But, for all the people melding old world traditions with the new, there are scores of people who just want to play with the usual suspects.
“We did a black garlic shoe-fly pie with molasses and truffle powder,” says Billy Riddle, the sous chef at Ela, where a high wire act of texture, temperature, and flavor juxtaposition always comes off like a relaxed stroll.
He was alluding to a three-year stint of celebrating the holiday with fellow restaurant workers a week or two removed from the actual day due to his former duties at Lacroix. One year, Riddle and Matt Gentile, who also made the switch to Ela’s kitchen, brined a turkey with bourbon and did a string bean casserole with bacon from Green Meadon Farm (“basically, bacon on crack—it’s southern ham bacon,” Riddle says), ahead of celebrating with copious cans of Four Loko (“somebody brought them—we were off!”).

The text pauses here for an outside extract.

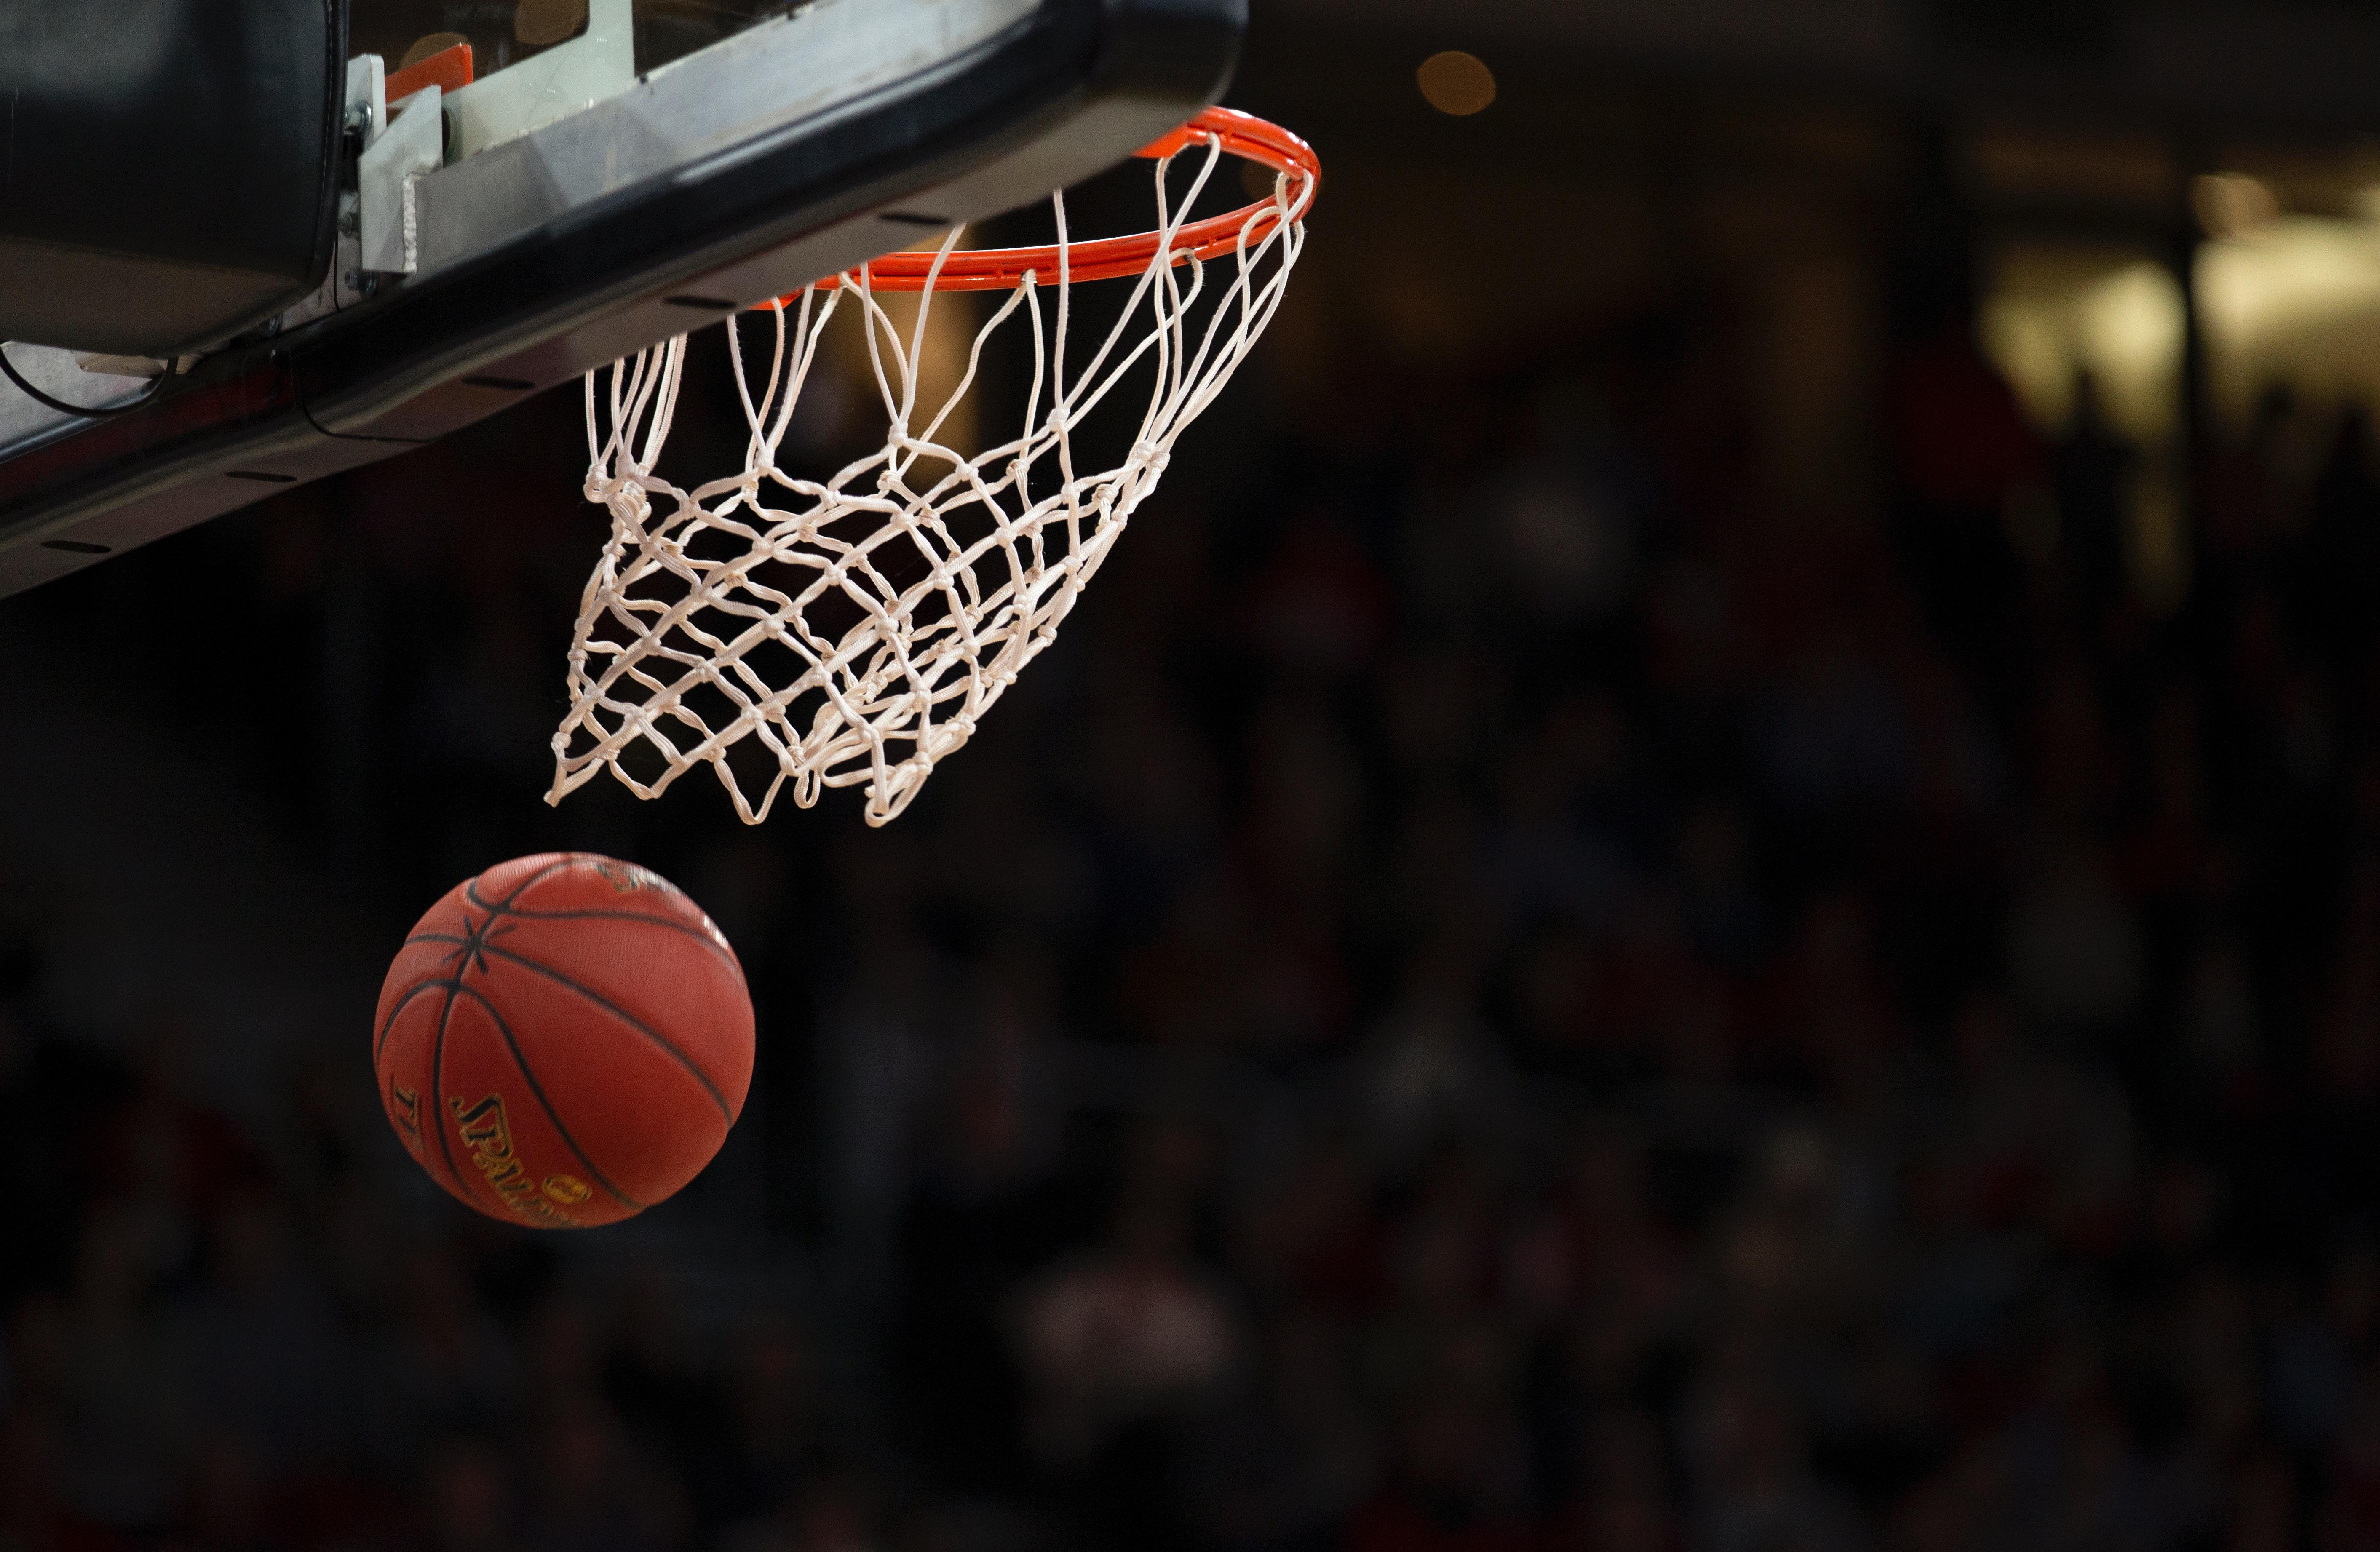 a photo of a basketball net

One year, there was roasted sunchips dusted with charred onions and drizzled with a meyer lemon accented nage of chicken stock, shallots, garlic, and herbs.
This year, he’s going to leave this bachelor Thanksgiving behind to visit his girlfriend’s family where all the required, standard elements will be present, down to the ringed cylinder of cran. That said, to the family’s brined organic turkey sourced from top purveyor D’Artagnan, Riddle is bringing a pretzel stuffing (“Jen’s mom loves Philly pretzels”, he says) while assisting with his girlfriend’s dish of smoked brussel sprouts with black trumpet mushrooms and a sprinkling of spiced walnuts.
“Instead of adding bacon, they’re going in the smoker. I like adding fun twists like I do here [at Ela]. People expect bacon. Their mind tells them its there, but its a nice surprise when they realize it’s not. That excites me—making people happy while giving them that illusion, something they love in a new way,” he says.